How a Bowery Tramp Got Into Society

Nellie Bly

The New York World/November 25, 1894

Nellie Bly Has a Talk with Mr. John Garvey, The Knight of the Road Who Slept in Mr. Astor’s Bed

A Mystery as to What He was Doing There

John Jacob Astor Believes that There Was Some Scheme of Burglary on Hand and He Means to Find Out About It—Garvey’s Pedigree

No millionaire ever gained such a unique addition to his vast possessions as did John Jacob Astor a few days ago.

People have talked about the Astor millions, the Astor real estate, the Astor mansions, the Astor diamonds, the Astor receptions, and now they are talking about the Astor tramp.

The Astor tramp, so far as the Astors are concerned, is not a desirable possession. He is not a curio for which they sought, but having once possessed him they are anxious to put him where they know he’ll be safe.

So far as the public can understand, the case is a peculiar one, and one of unsolved mystery.

A man with the appearance of a tramp, and said to be unknown to the household domestics, was found asleep, or pretending to be, in a servant’s room at 11 o’clock a week ago last Friday night.
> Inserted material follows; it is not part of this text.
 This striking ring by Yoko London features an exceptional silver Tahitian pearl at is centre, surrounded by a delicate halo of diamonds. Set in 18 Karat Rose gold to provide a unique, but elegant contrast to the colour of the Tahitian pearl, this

The door was locked, and had to be forced, but the tramp slept, or pretended to, through the whole affair.

He quietly submits to arrest, and goes without protest to the station-house; from there to the court early the next morning, where the officer charges him with disorderly conduct, to which he pleads guilty and is fined $5 by the judge. The tramp being penniless cannot pay his fine, but it is promptly paid by some unknown person through a law firm and—the Astor tramp goes free.
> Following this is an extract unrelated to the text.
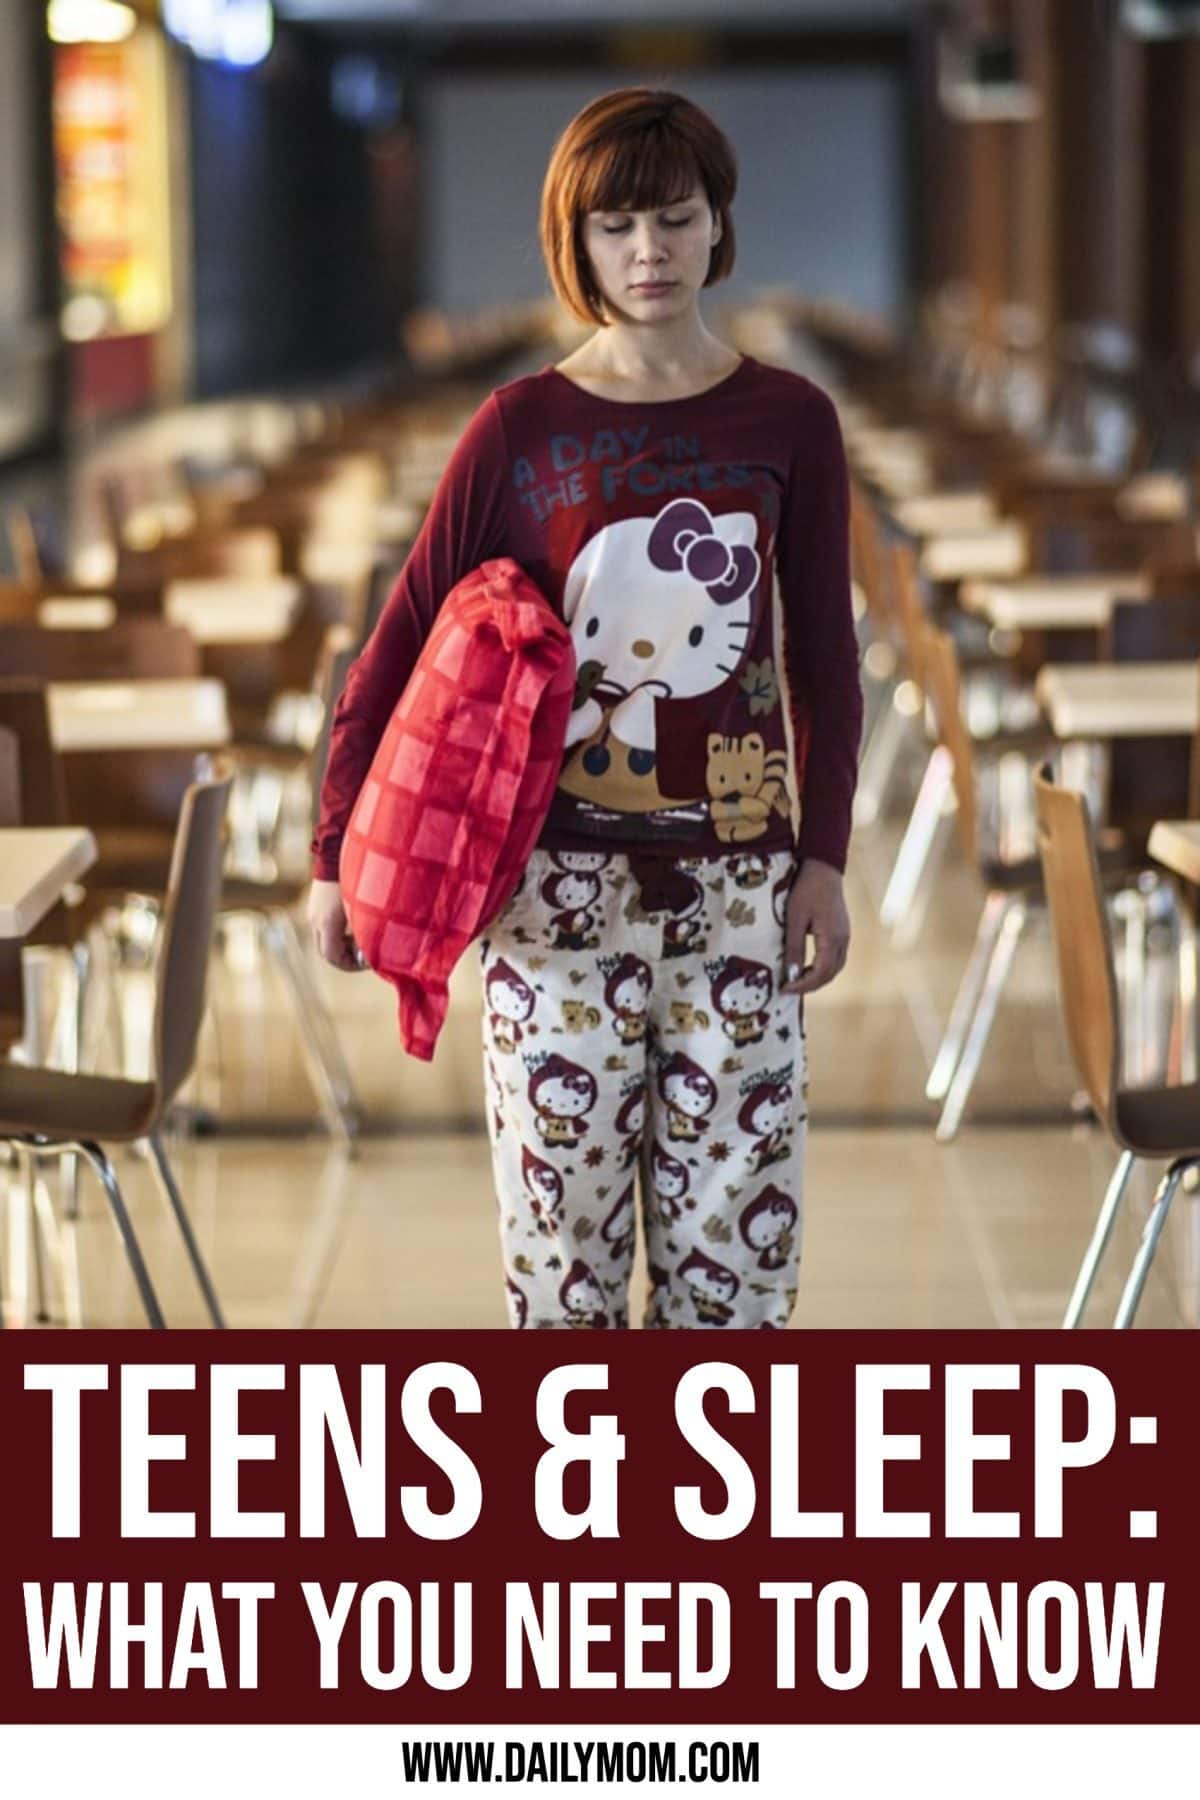 Teens And Sleep: What You Need To Know For Optimal Development

But the Astors are not satisfied with the proceedings any more than a poor family whose home had been invaded by a tramp would have been. They had sent a servant over to the station-house the next morning to appear against the tramp only to find the officer had already taken the invader to court.

Thither the servant hurried only to find the case had been heard and the fine imposed without a member of the Astor household being called to confirm or deny the charge.

He Couldn’t Keep Away

As the night of his arrest was not the first time the tramp had been caught in the Astor house, gaining entrance by means known only to himself, nor the sixth, seventh or eighth time he had been loitering around and watching the house, the Astors were nervous, just as poor people would have been, and they felt anxious to know the tramp’s motives, or to put him where he could do no harm. So they swear out a warrant, institute a search, and the tramp, found in a Bowery lodging-house, is taken back to Jefferson Market.

What did the tramp want? That is the question of the hour. All sorts of theories have been advanced, but they are all guesswork.

It has been suggested that the man was hired to gain some family secrets or important papers. Another theory is that the tramp is a thief working alone, with a servant or another thief, and managed to get into the house and hide himself in bed to wait until everybody was asleep, when he could undisturbed rob the house else alone or by getting the confederates.

A ring of his clothes and going to bed was merely a clever plan, so that he would look less like hiding and could give some trifling excuse for his presence. Another theory is that the man was hired by a fine museum to do the act.

Really, the whole thing is a very great mystery.

I had some curiosity to see the Astor tramp, so I went to Jefferson Market Court and confided my wish to Justice Hogan. The justice expressed himself very plainly on the subject.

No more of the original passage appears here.